| Summary | National Percentile | Rank vs Metro |
|---|---|---|
| Housing | 78th | Good |
| Demographics | 64th | Good |
| Amenities | 35th | Fair |
Multifamily Valuation
| Property Details | |
|---|---|
| Address | 4243 Bonita Rd, Bonita, CA, 91902, US |
| Region / Metro | Bonita |
| Year of Construction | 1973 |
| Units | 60 |
| Transaction Date | --- |
| Transaction Price | $2,522,500 |
| Buyer | OWNERSHIP NAME INFORMATION |
| Seller | --- |
4243 Bonita Rd, Bonita CA — Multifamily Value-Add Thesis
Neighborhood occupancy is solid with limited renter turnover and elevated ownership costs that tend to sustain renter demand, according to WDSuite’s CRE market data. The investment angle centers on stable absorption potential with room to enhance operations through targeted renovations.

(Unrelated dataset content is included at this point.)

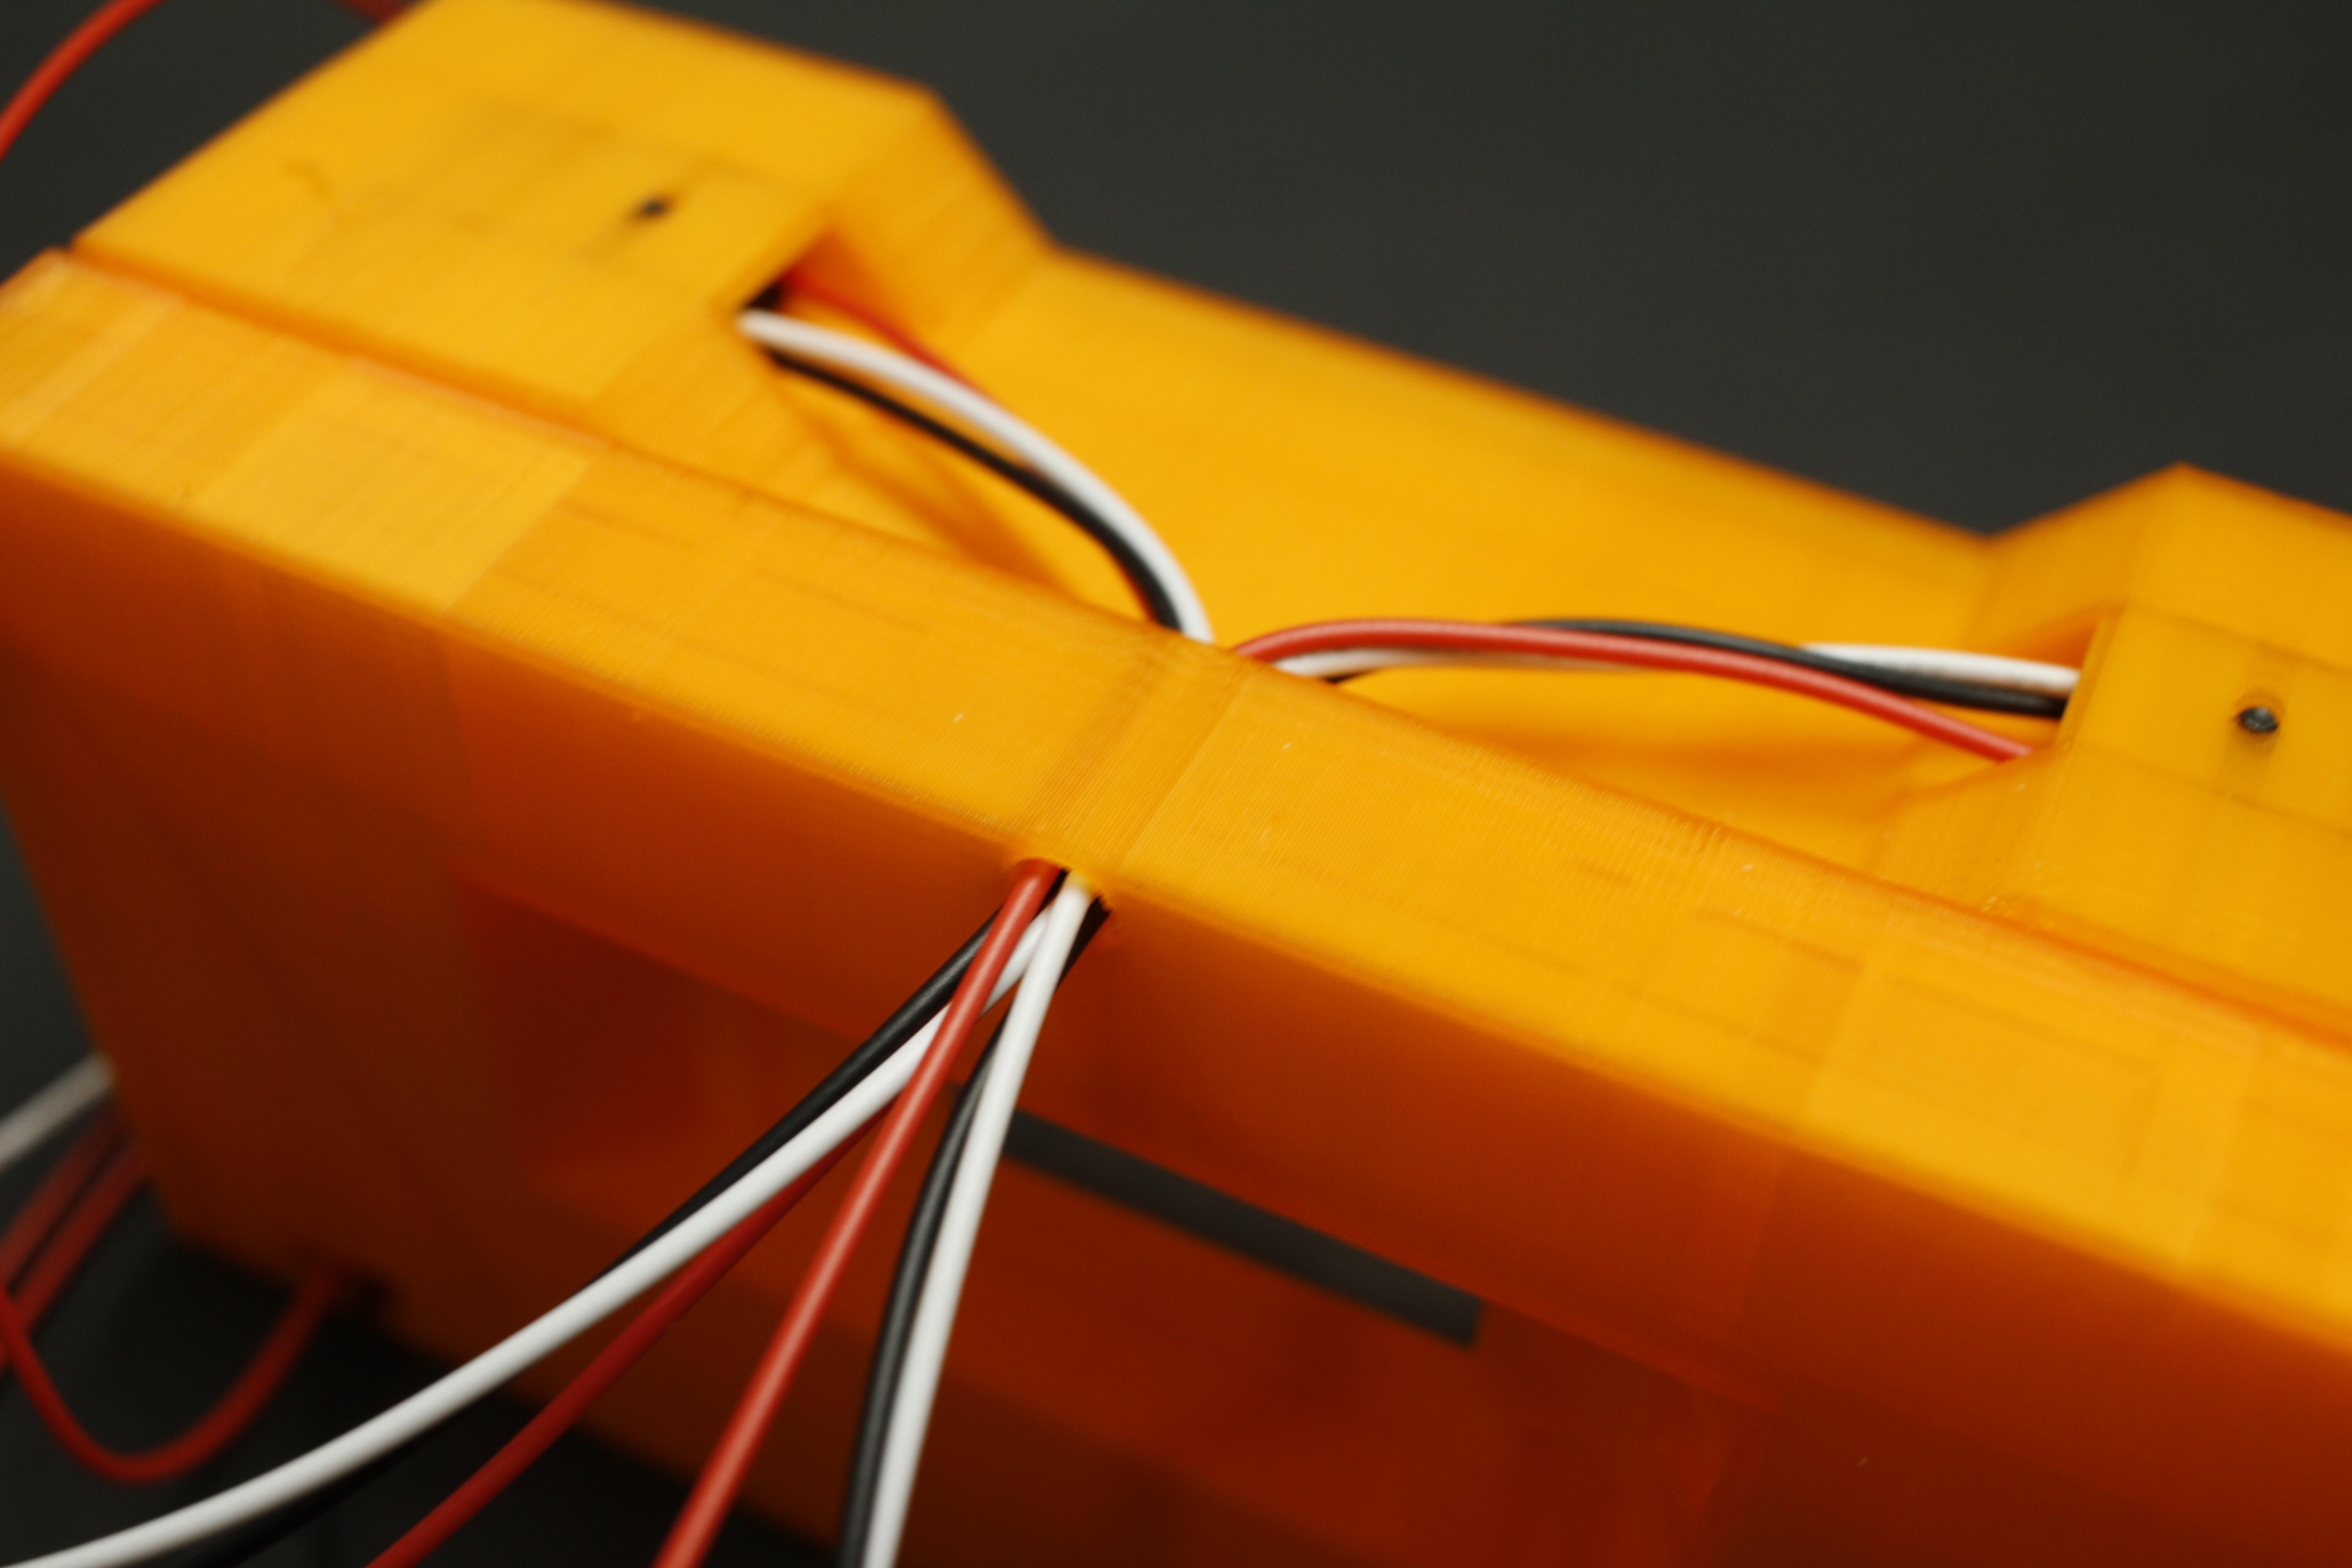 sensors__MG_9669.jpg
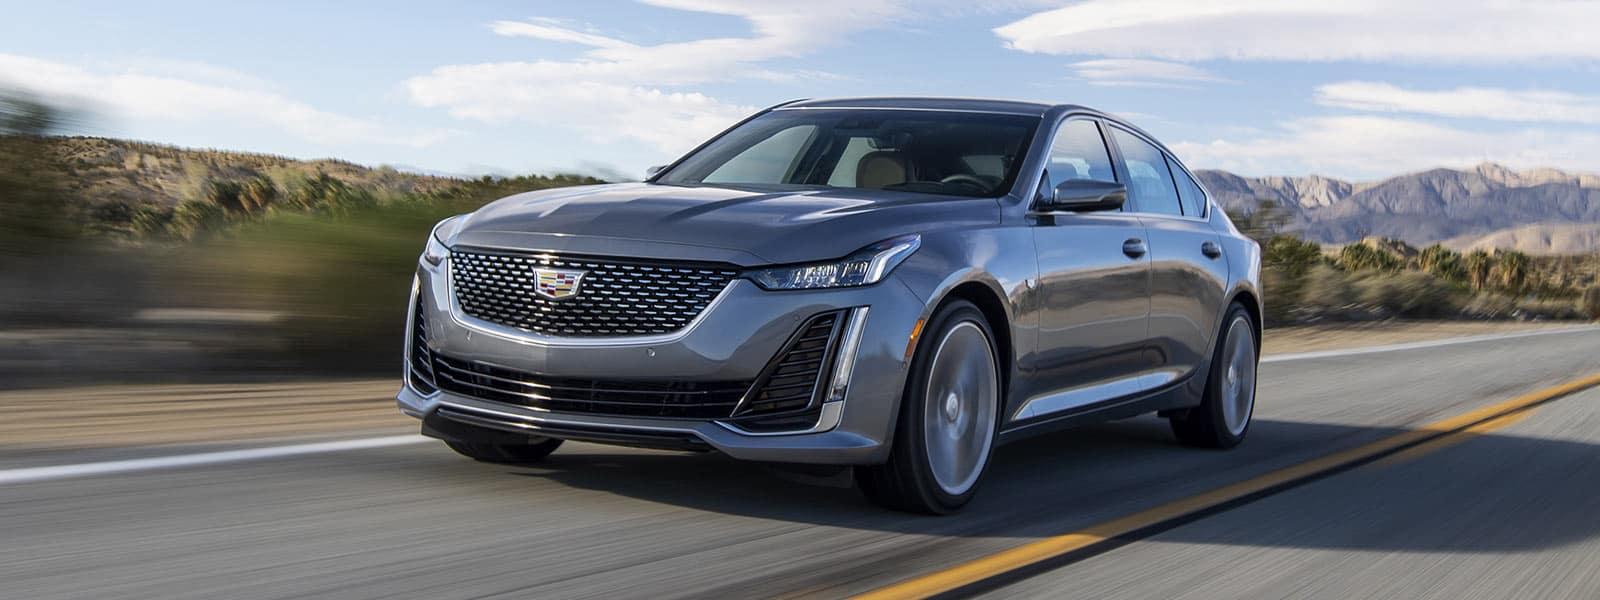 Buy or lease new 2021 Cadillac CT5 in Woodbridge Ontario

The property sits in a suburban Bonita neighborhood rated B and ranked 289 out of 621 San Diego metro neighborhoods, placing it above the metro median. According to CRE market data from WDSuite, neighborhood occupancy is in the mid‑90s, indicating generally tight conditions that support rent collections and leasing stability at the neighborhood level (these occupancy figures reflect the neighborhood, not this specific property).
Local livability skews residential with strong park access (top quintile nationally) and thinner immediate retail density; cafes and groceries are less concentrated nearby, so most residents rely on short drives for daily needs. This pattern is typical of lower‑intensity suburban pockets and can support quieter communities that still draw from larger employment nodes across the San Diego–Chula Vista–Carlsbad region.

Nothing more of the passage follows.